**Recorded data:**
%%
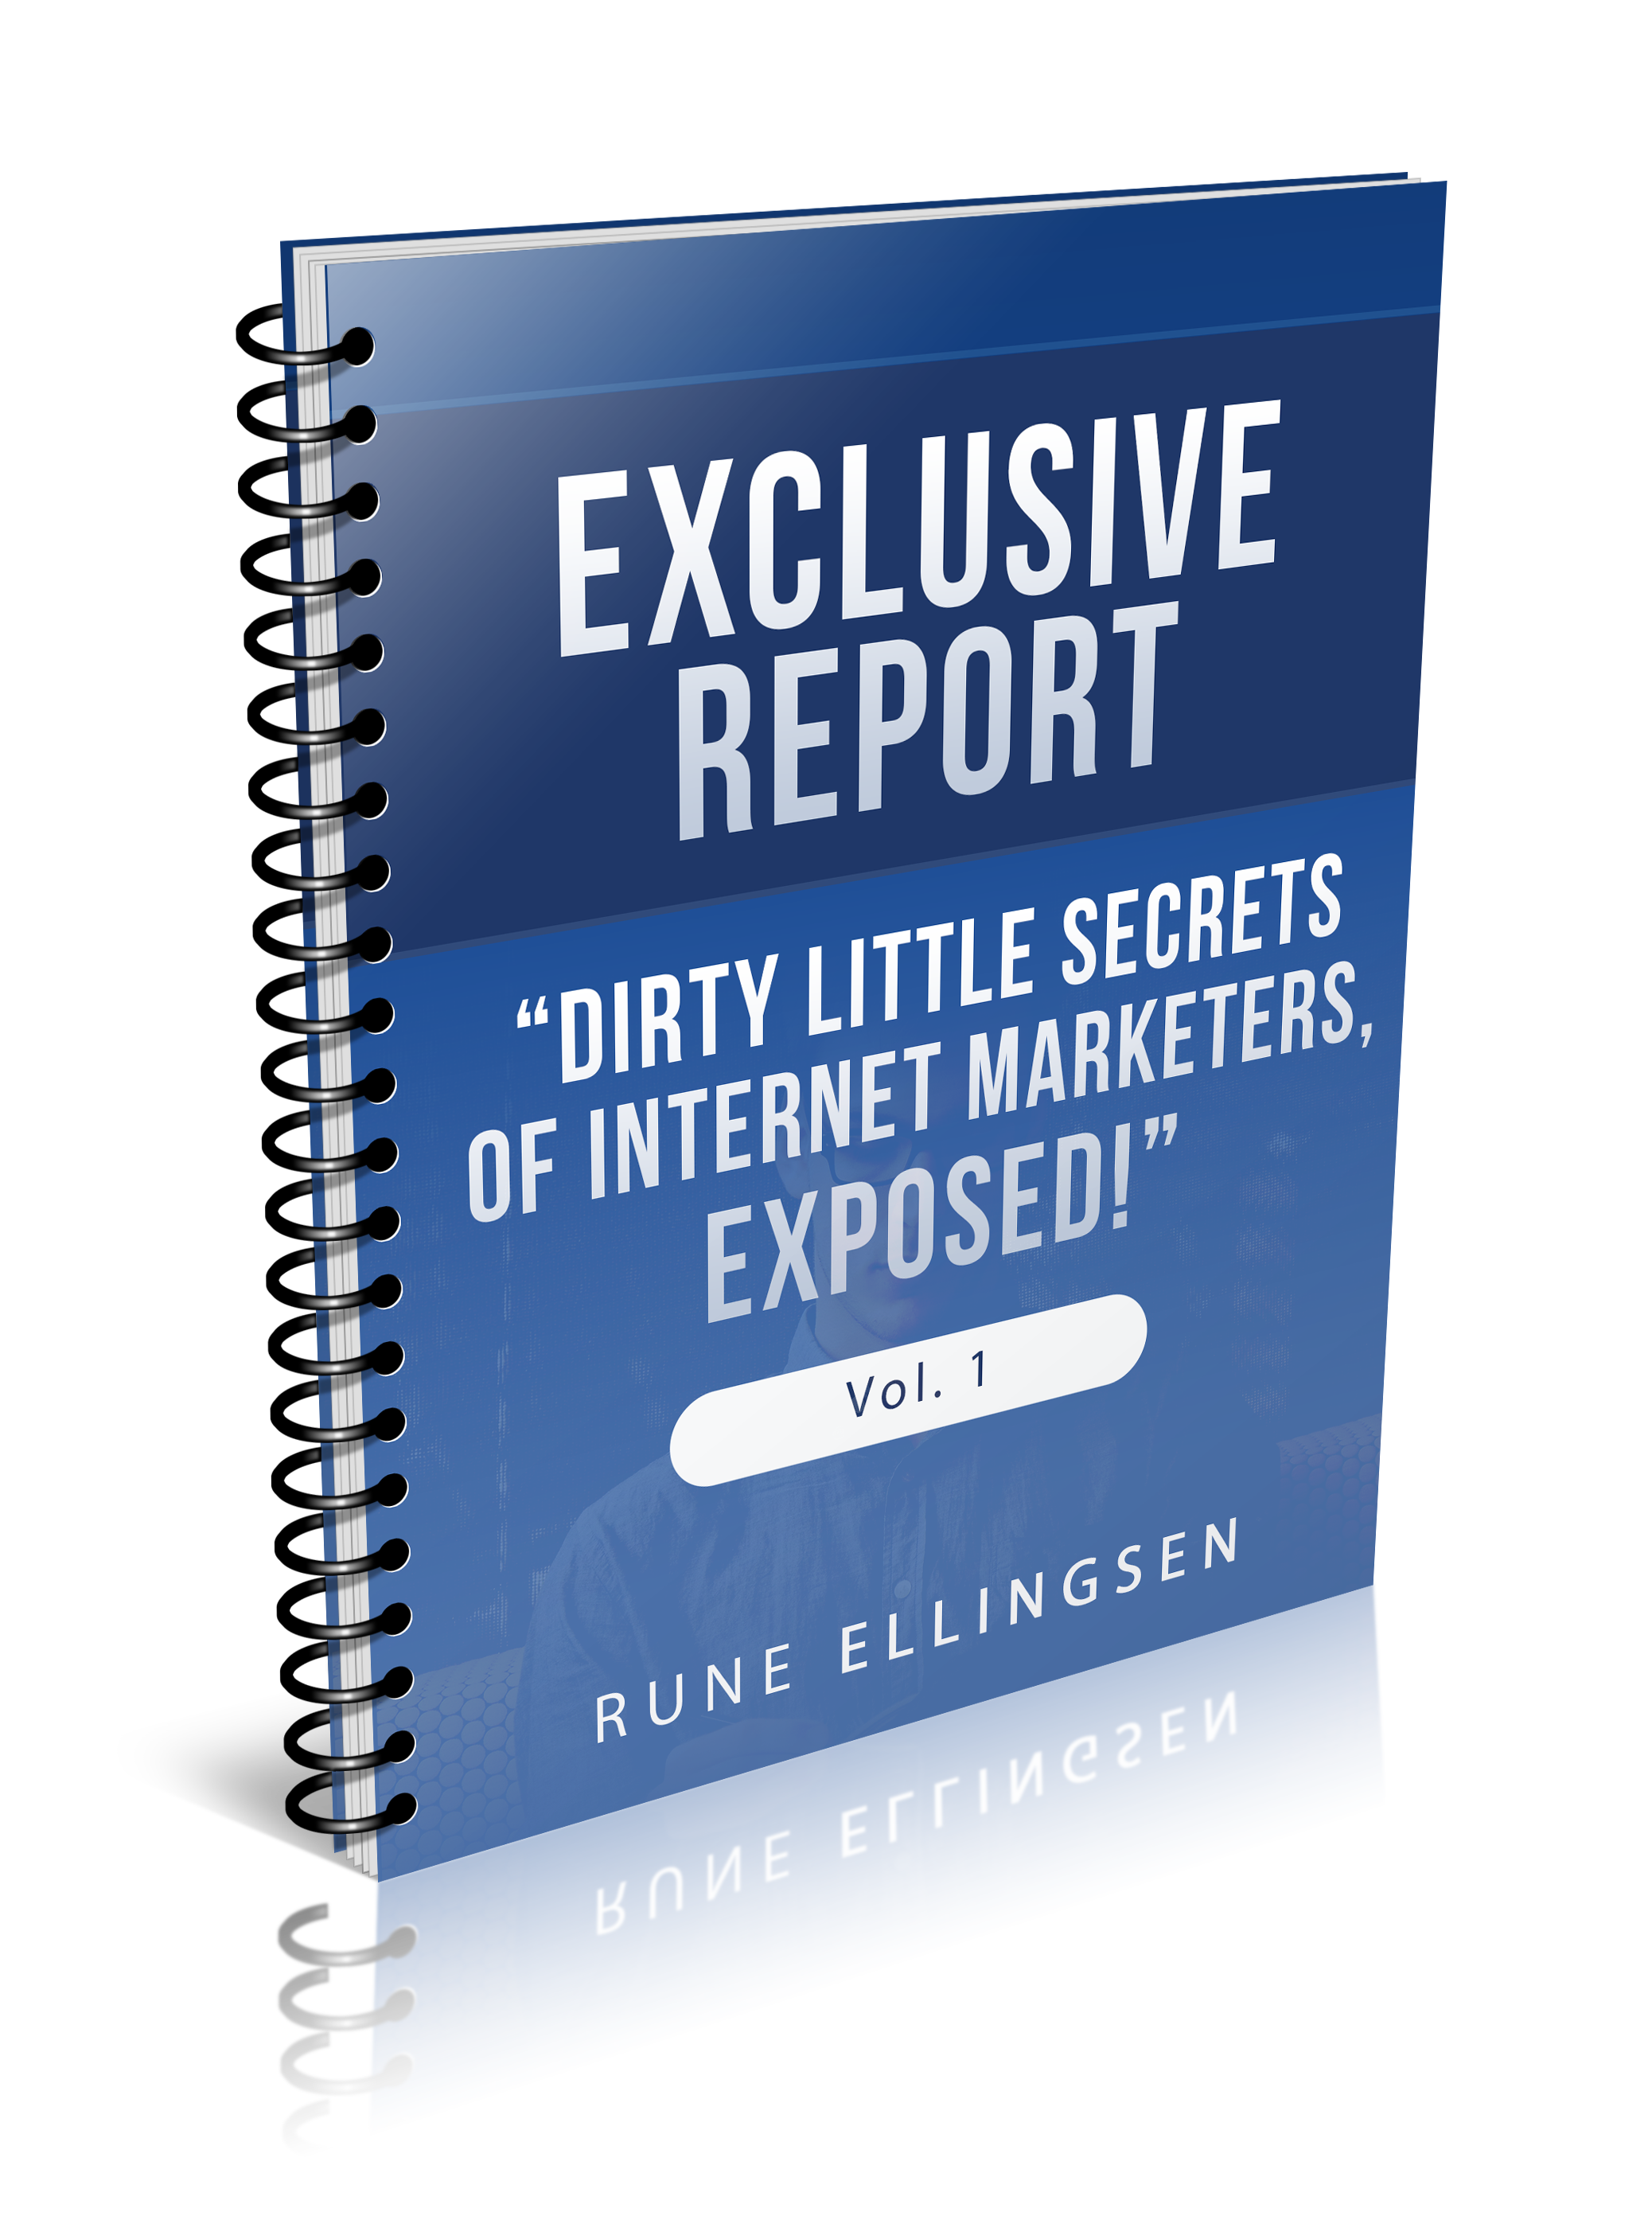 Dirty Little Secrets of Internet Marketers
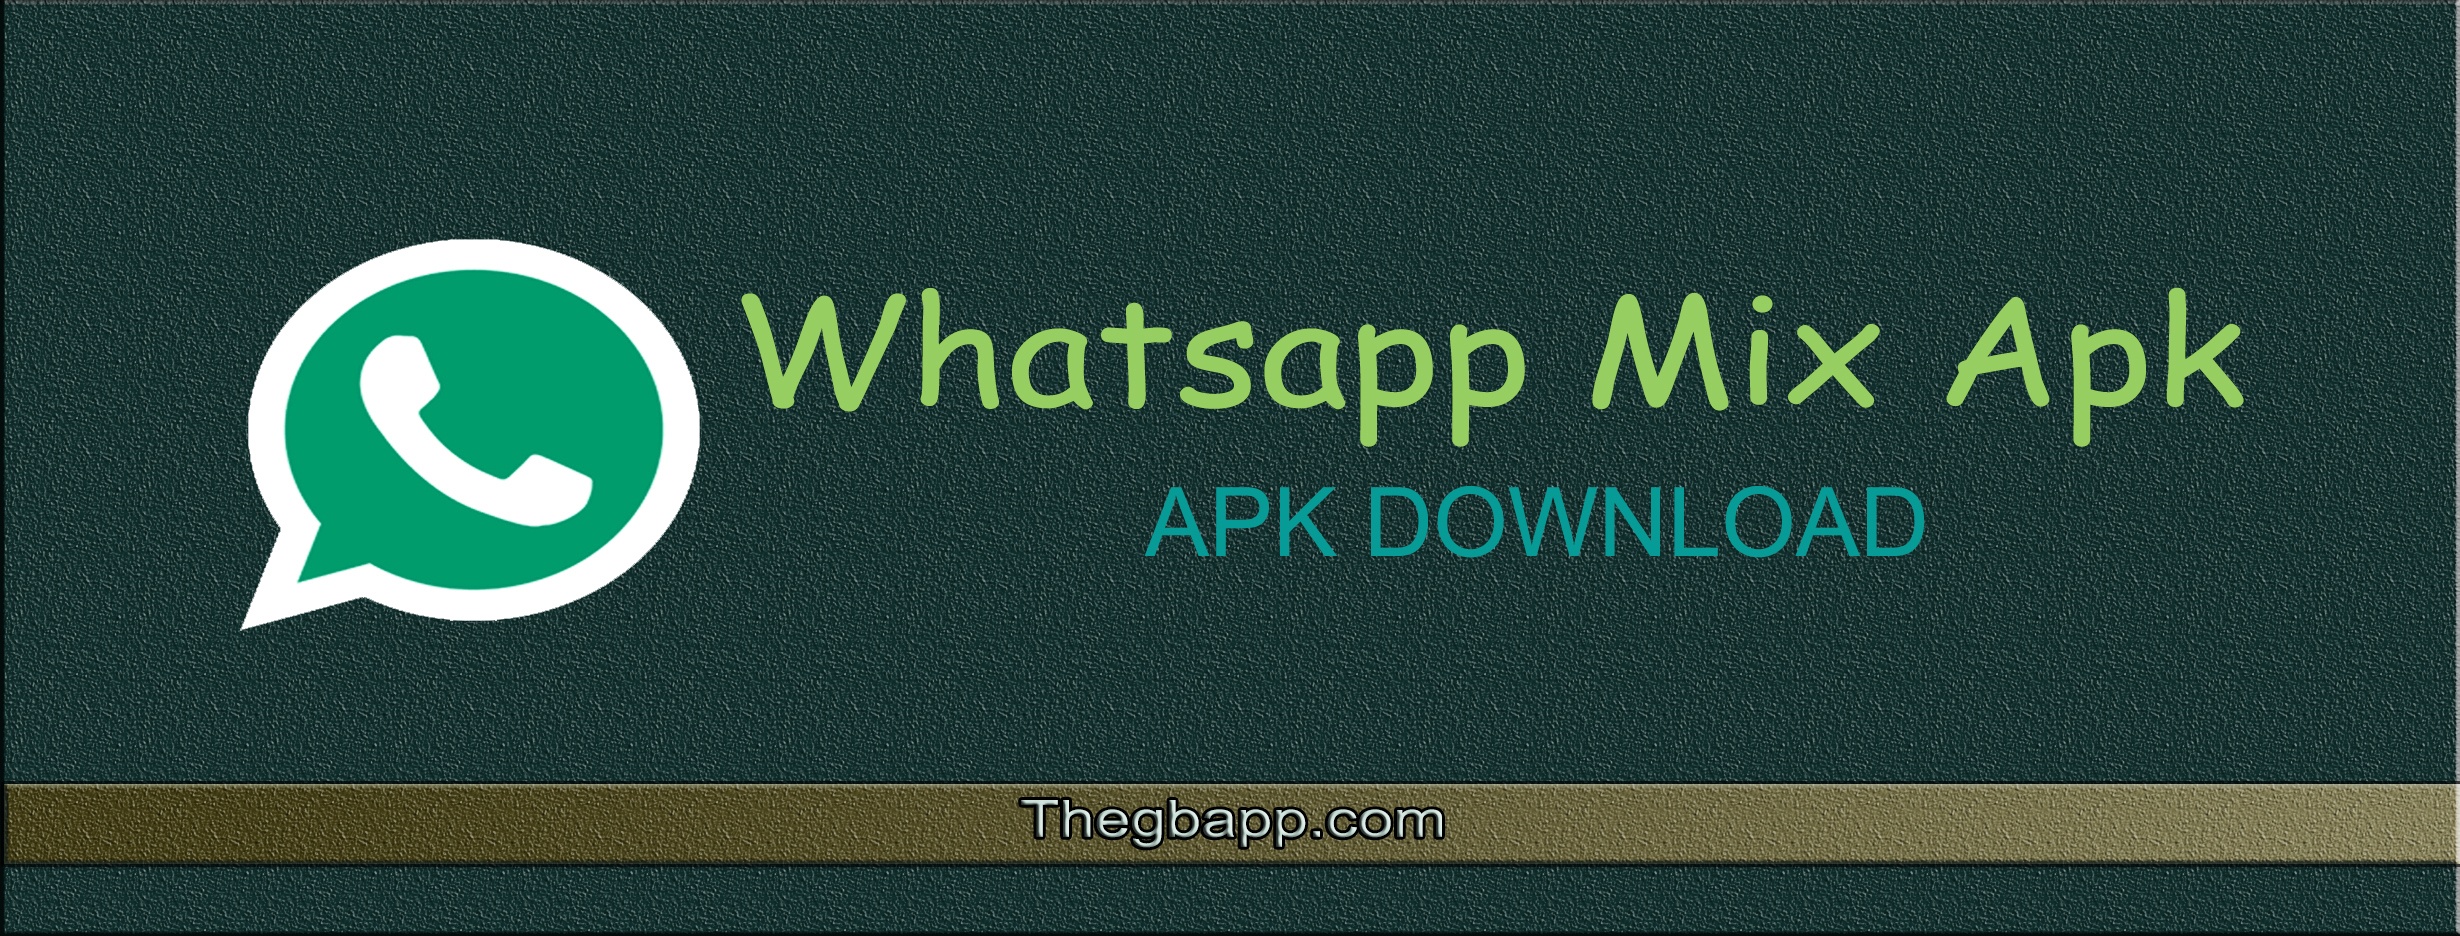 Whatsapp Mix Apk 
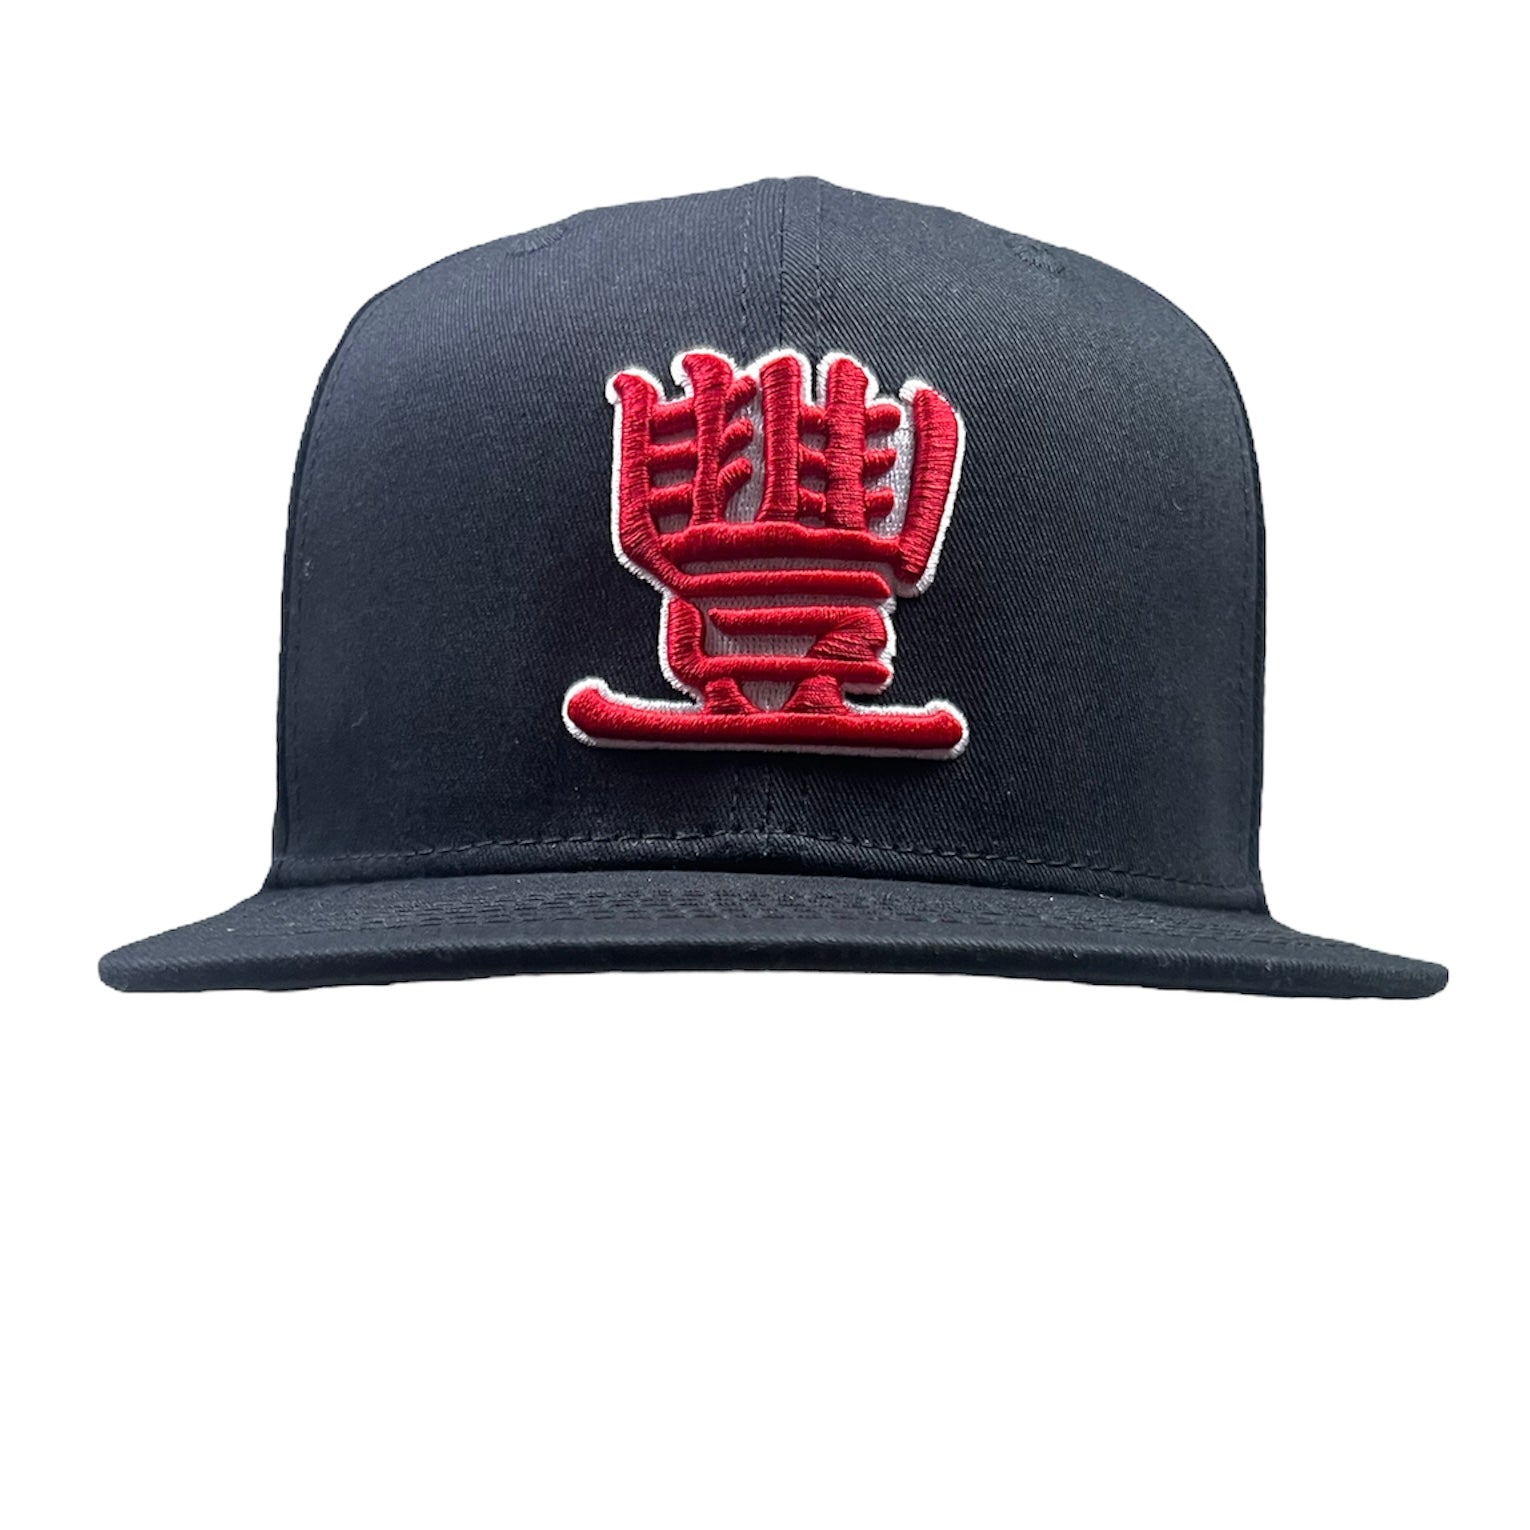 Chicago White Sox Custom Emblem SnapBack Hat
%%
**Task goal:**
Repeat the data exactly as given. Keep every picture out of the copy.

**Answer section:**
 Dirty Little Secrets of Internet Marketers
 Whatsapp Mix Apk 
 Chicago White Sox Custom Emblem SnapBack Hat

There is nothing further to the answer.